Metzger intended 'Auto-Destructive-Art' to be principally
realized in public monuments to be erected on civic sites. These structures
would contain complex technological and electronic internal devices that
would cause the structure to implode and self-destruct within a period of
twenty seconds to twenty years. Site-sensitive and site-specific, interdisciplinary
and requiring collaboration between scientists and artists, these works
would be context/determined and, therefore, social, collective, and collaborative.

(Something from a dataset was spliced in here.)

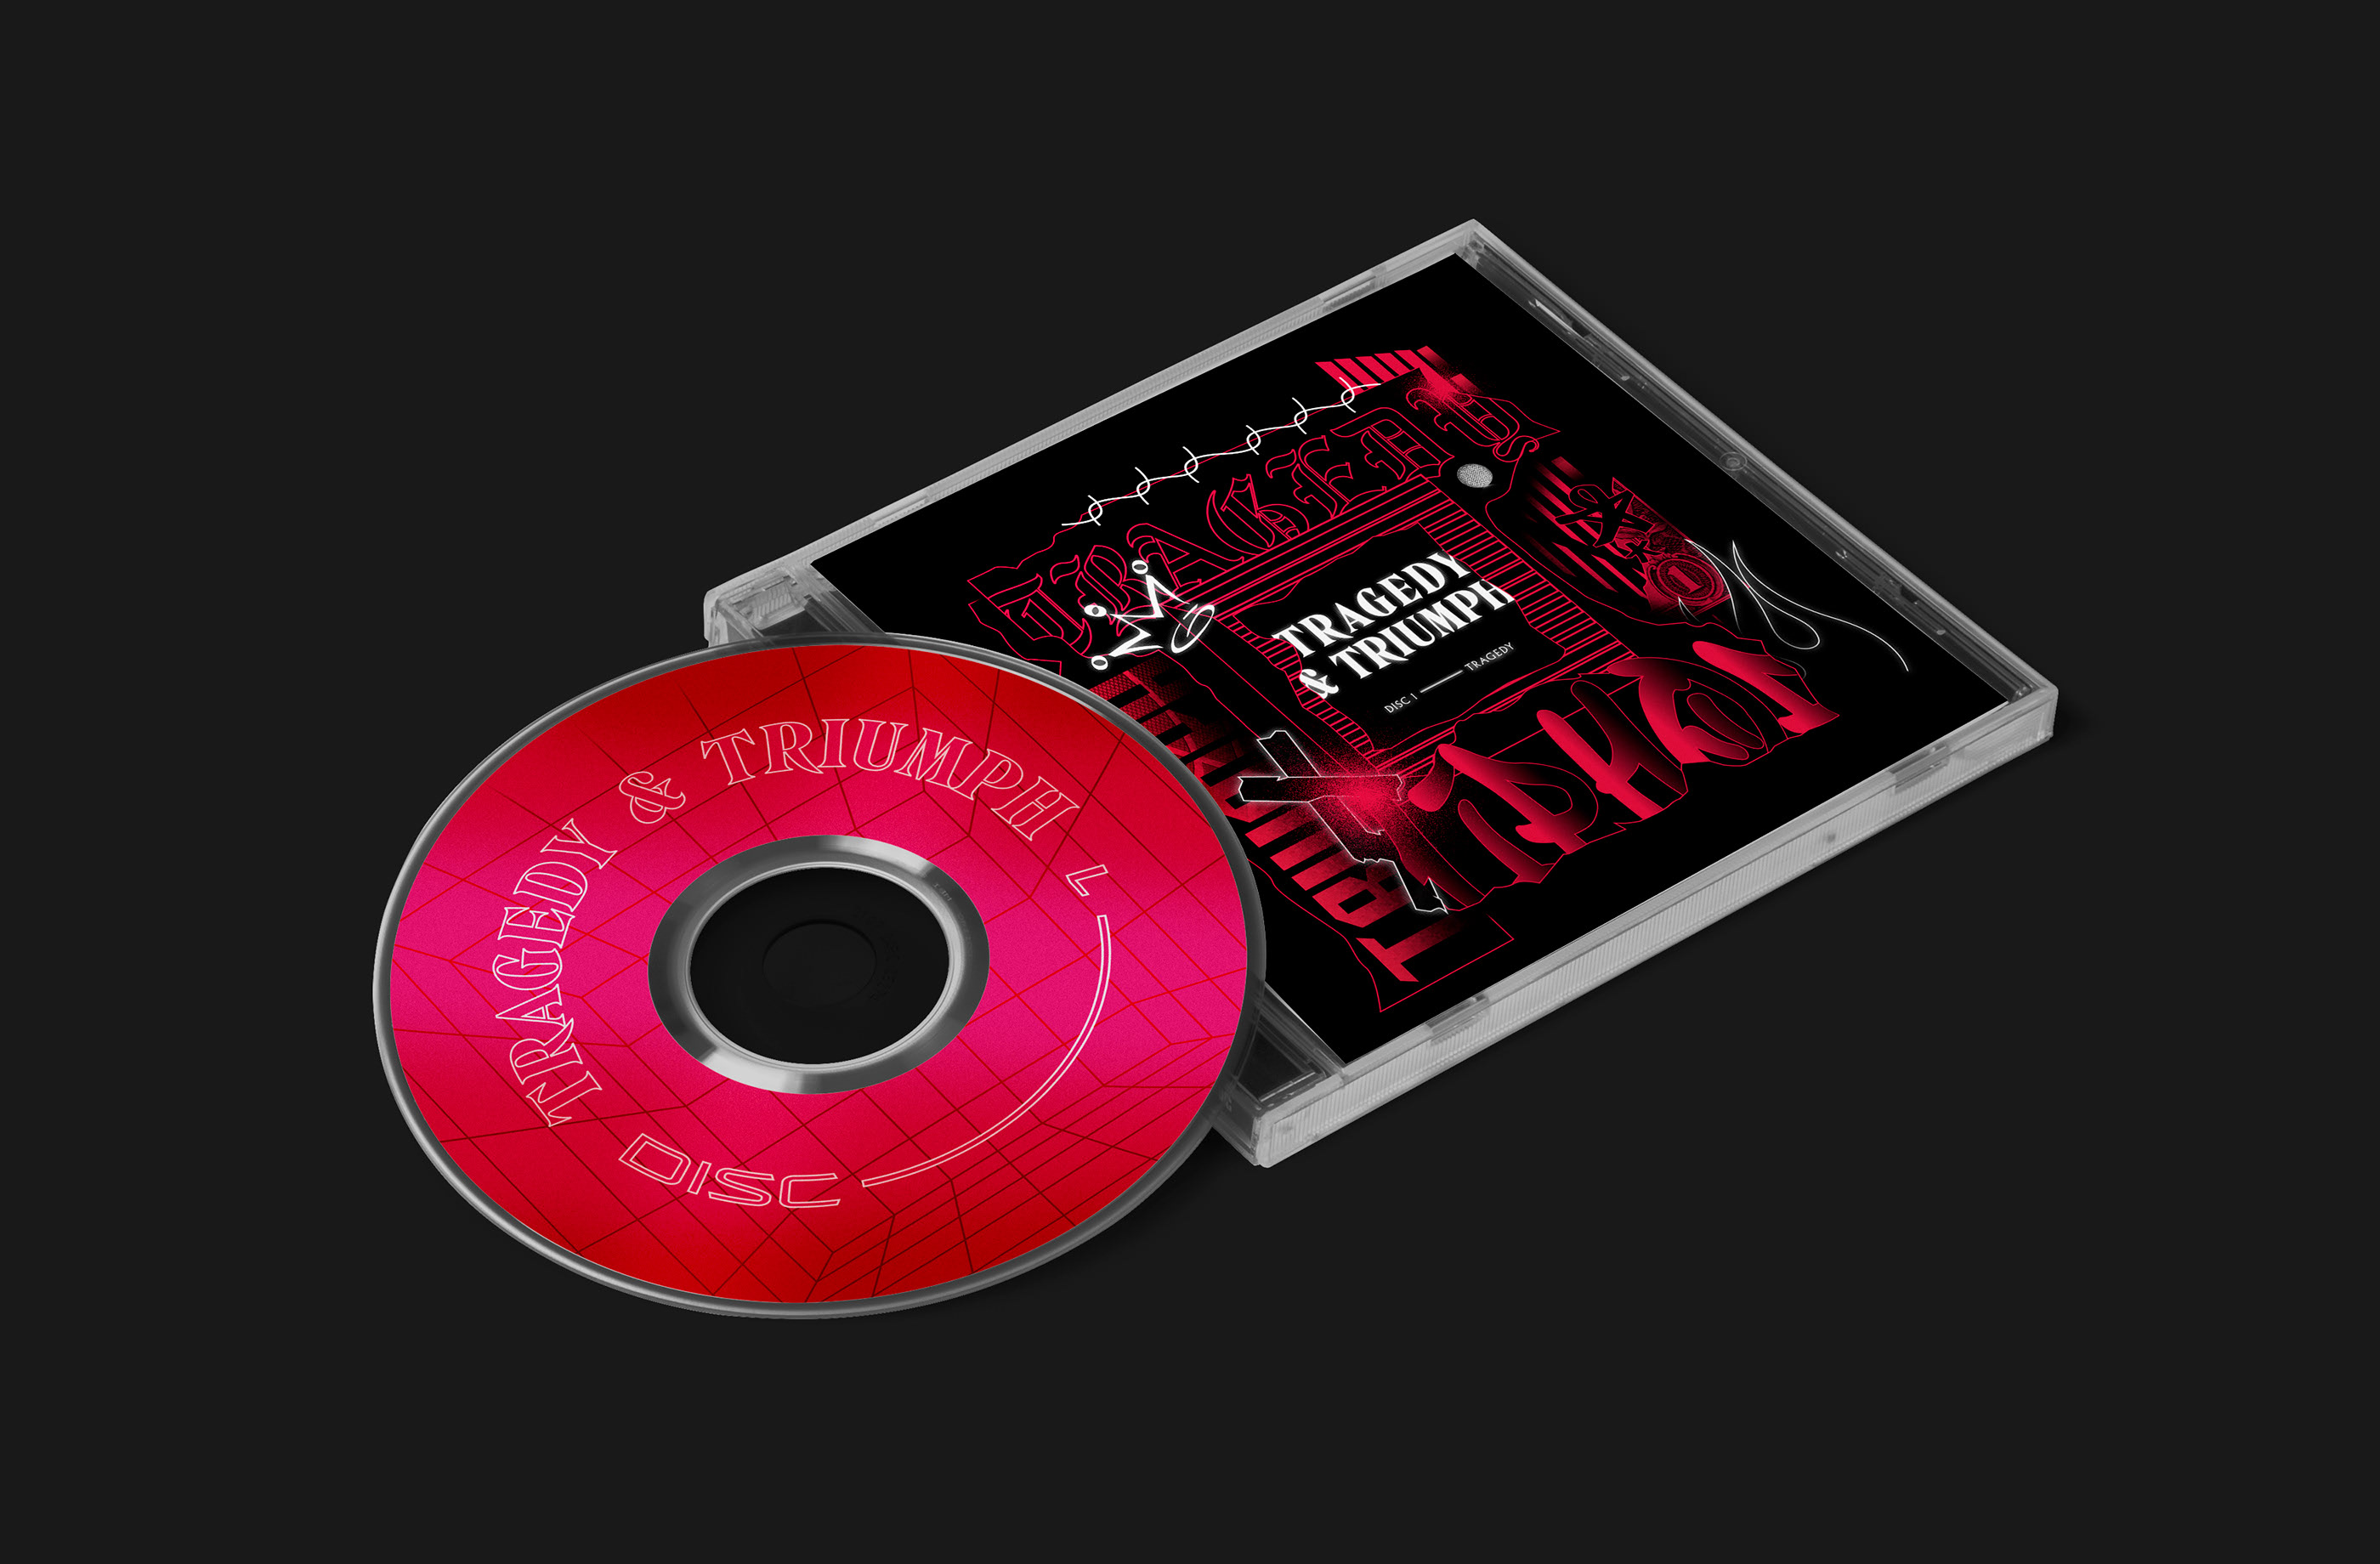 Tragedy & Triumph – 2 Part Mixtape Deluxe Packaging on Behance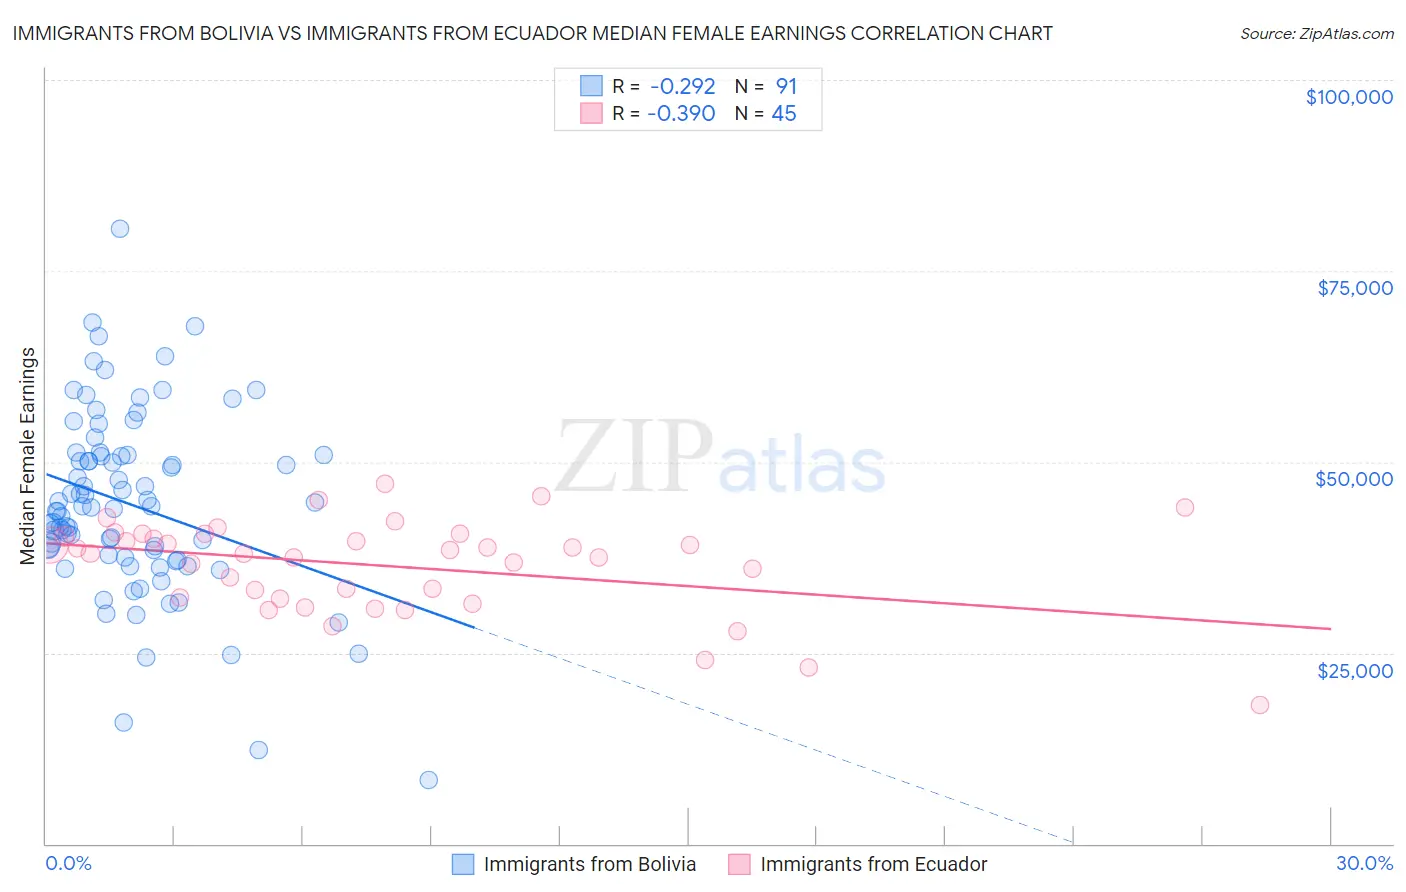 Immigrants from Bolivia vs Immigrants from Ecuador Median Female Earnings

Industrial and machine made, the structures would also be technical representations
of the intrinsic interdependence of the processes of natural decay and disintegration
and cultural, particularly urban, crisis. 'Auto- Destructive-Art' condensed
a vast experiential and technological territory of destruction and its concomitant
survivalist ethos into a manageable representation. The temporal duration
of 'Auto-Destruction-Art' would operate both as a representation and a presentation,
an image and an enactment of effacement. As the rematerialization of memory
in its original destructive form, the absent presence of the felt past would
return as known experience, no longer 'there' but transformed into a new
state 'here'. Destruction art in its first manifestation of 'Auto-Destructive-Art'
is the constant public and social reminder of destruction, its agents, processes,
and results.
Precisely twenty years after Metzger was sent to England in 1939 at the
age of 12, when his family was arrested by the Gestapo in Nuremburg, he
formulated his theory. Twenty seconds, then, is a temporal analog for the
seconds it took to destroy his personal world by killing his family; twenty
years, the two decades of gestation in his own auto-transformation. Temporality
in destruction art is the index of duration that confronts consciousness
with the cycle of construction and destruction manifest in cultural artifacts
and technological objects as well as in nature. This temporality reinscribes
the psyche of the social body with a memory of the finite which must function
as an affective agent in the reaggregation of a survivalist consciousness.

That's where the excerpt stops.